4.4. assemble_denovo

Assisted de novo viral genome assembly from raw reads.

4.4.1. Inputs

4.4.1.1. Required inputs

assemble_denovo.assemble.spades_n_reads
Int — Default: 10000000
Subsample reads threshold prior to assembly. Default set to 10000000

assemble_denovo.reads_unmapped_bams
Array[File]+ — Default: None
???

assemble_denovo.reference_genome_fasta
Array[File]+ — Default: None
After denovo assembly, large contigs are scaffolded against a reference genome to determine orientation and to join contigs together, before further polishing by reads. You must supply at least one reference genome (all segments/chromomes in a single fasta file). If more than one reference is provided, contigs will be scaffolded against all of them and the one with the most complete assembly will be chosen for downstream polishing.

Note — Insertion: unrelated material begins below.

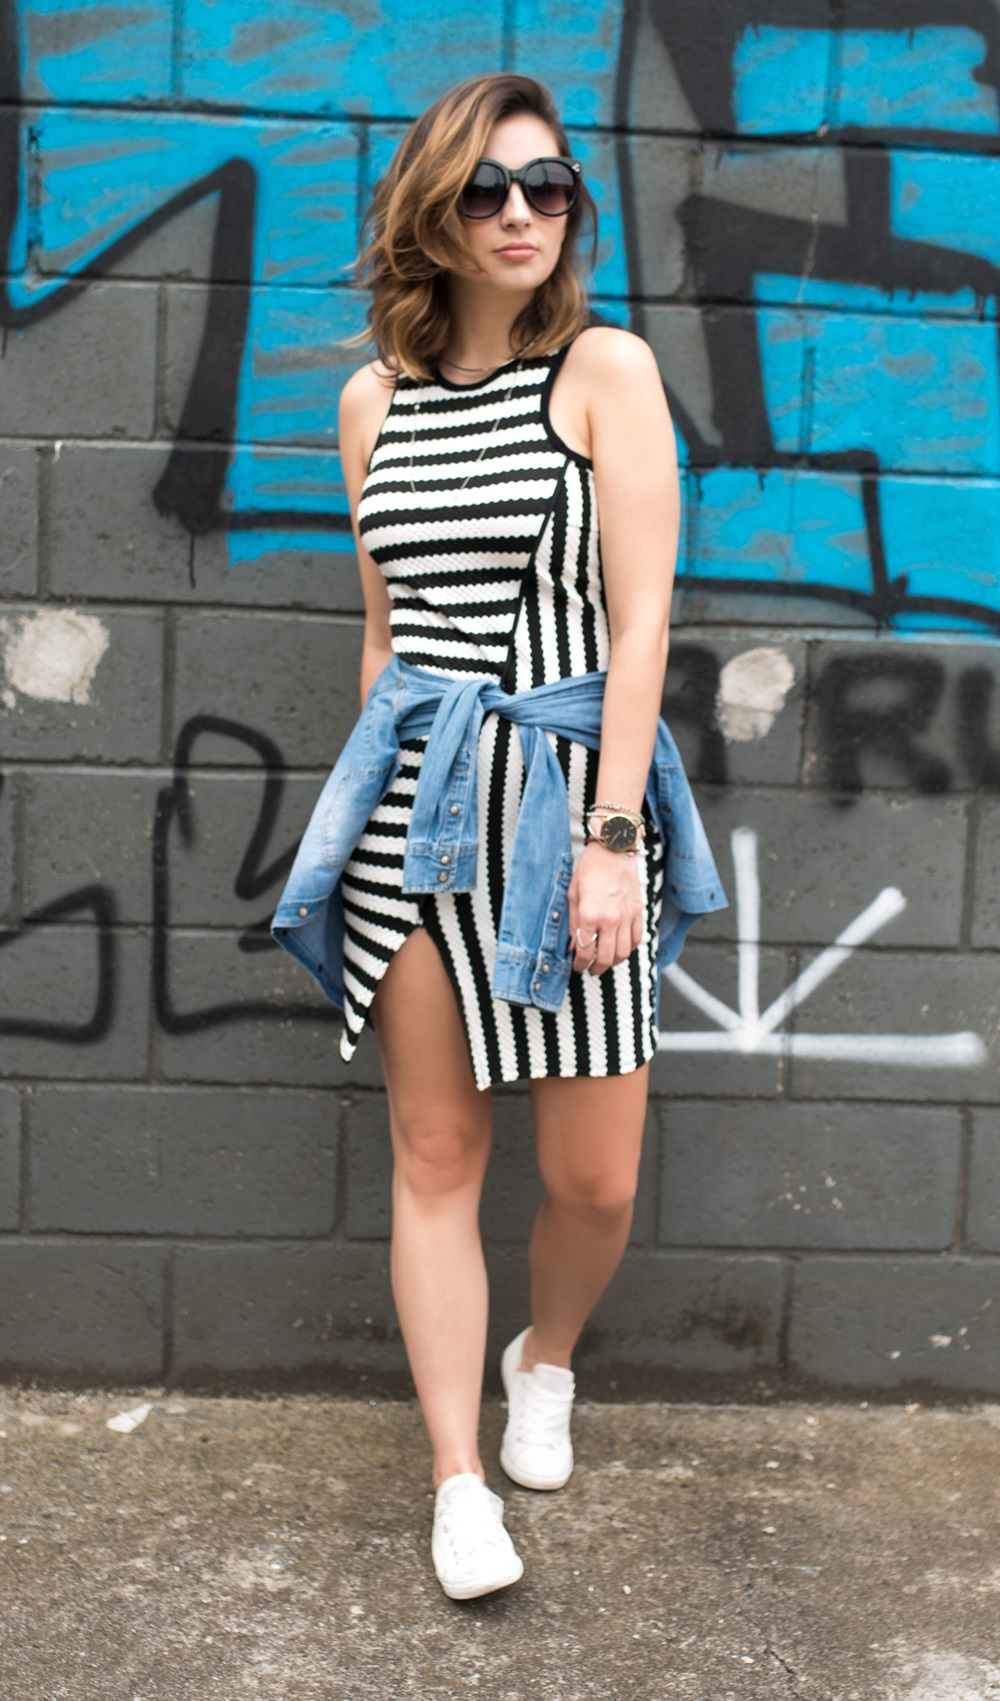 vestido-listrado-camisa-jeans-na-cintura-tenis-branco-look-blog-vanduarte-3

assemble_denovo.trim_clip_db
File — Default: None
???

4.4.1.2. Other common inputs

assemble_denovo.refine.trim_coords_bed
File? — Default: None
optional primers to trim in reference coordinate space (0-based BED format)

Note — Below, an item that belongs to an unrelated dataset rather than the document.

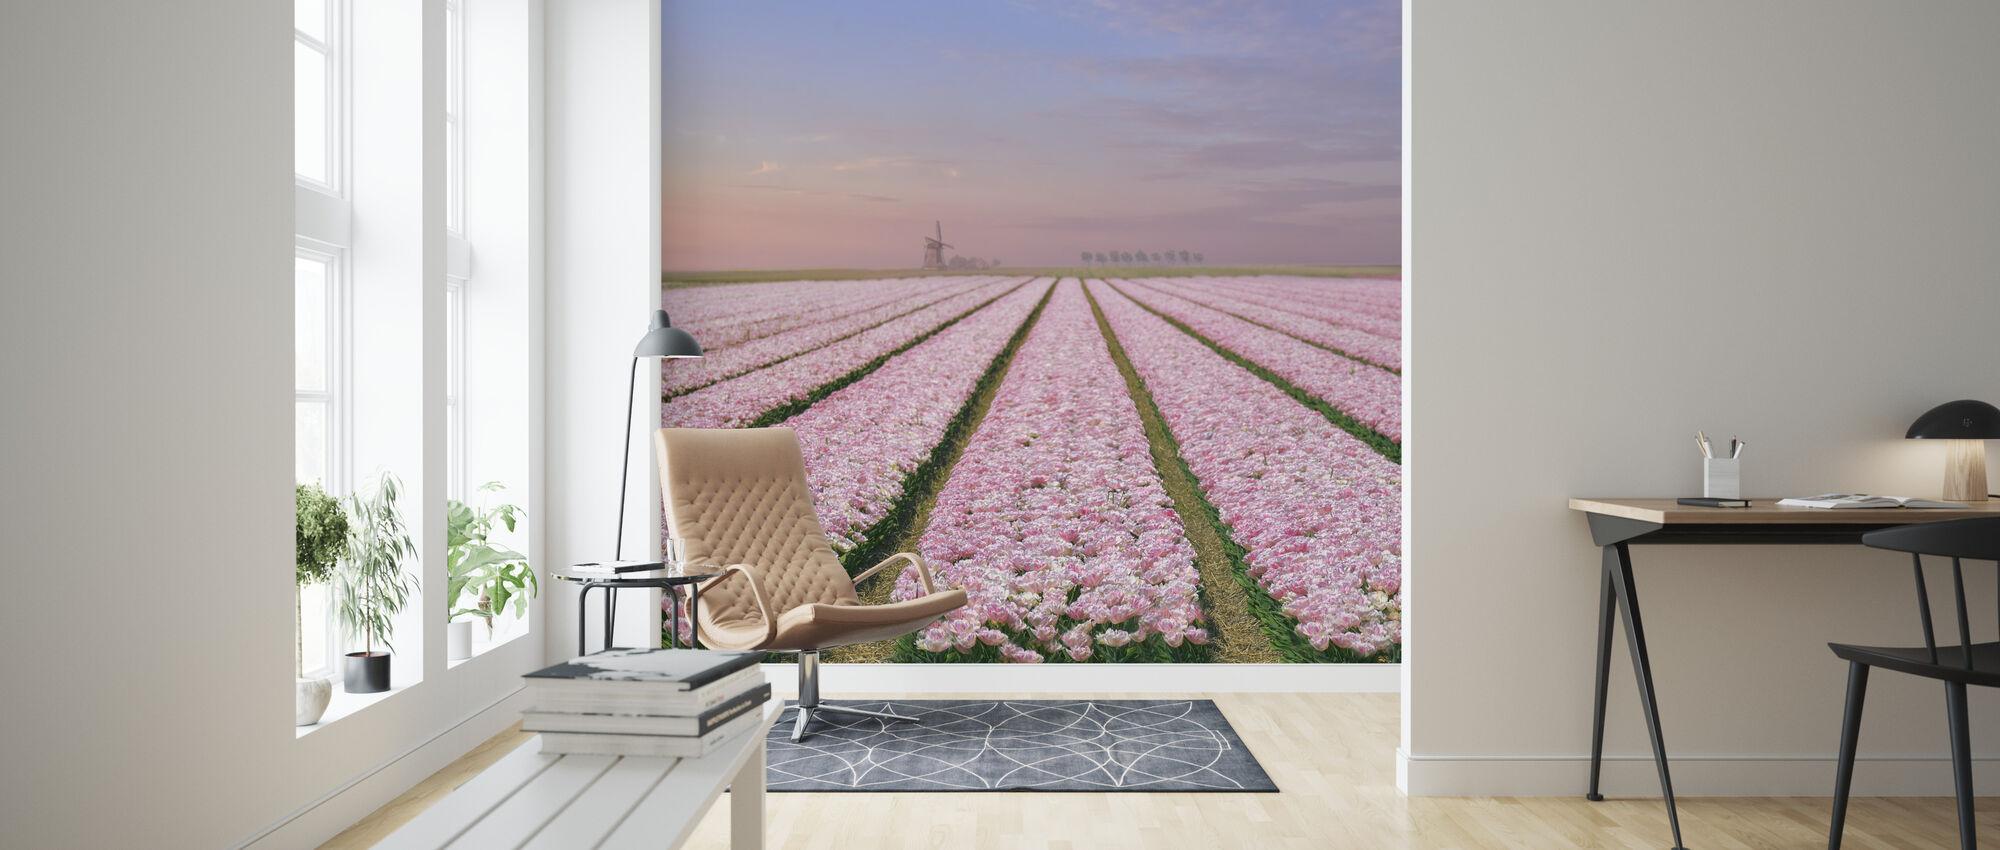 Tulip Fields - Wallpaper - Living Room

assemble_denovo.scaffold.min_length_fraction
Float? — Default: None
This step will fail with a PoorAssemblyError if the total end-to-end genome length in the output genome (inclusive of interior Ns) is less than this fraction of the length of the reference genome selected. Valid values are fractions from 0 to 1, default value is 0.5.

assemble_denovo.scaffold.min_unambig
Float? — Default: None
This step will fail with a PoorAssemblyError if the total number of unambiguous bases in the output genome (exclusive of interior Ns) is less than this fraction of its end-to-end length (inclusive of interior Ns). Valid values are fractions from 0 to 1, default value is 0.5.

4.4.1.3. Advanced inputs

Show/Hide

assemble_denovo.refine.call_consensus.mark_duplicates
Boolean — Default: false
Instead of removing duplicates, simply marks them.

assemble_denovo.refine.ivar_trim.min_keep_length
Int? — Default: None
Minimum length of read to retain after trimming (Default: 30)

assemble_denovo.refine.ivar_trim.min_quality
Int? — Default: 1
Minimum quality threshold for sliding window to pass (Default: 20)

assemble_denovo.refine.ivar_trim.sliding_window
Int? — Default: None
Width of sliding window for quality trimming (Default: 4)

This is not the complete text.